Work order:
The expected answer is every line of the material, reproduced exactly.

Supplied material:
+++

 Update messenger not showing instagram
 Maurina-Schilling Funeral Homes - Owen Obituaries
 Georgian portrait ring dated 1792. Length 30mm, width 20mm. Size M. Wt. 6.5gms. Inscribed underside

+++

Answer to the exercise:
 Update messenger not showing instagram
 Maurina-Schilling Funeral Homes - Owen Obituaries
 Georgian portrait ring dated 1792. Length 30mm, width 20mm. Size M. Wt. 6.5gms. Inscribed underside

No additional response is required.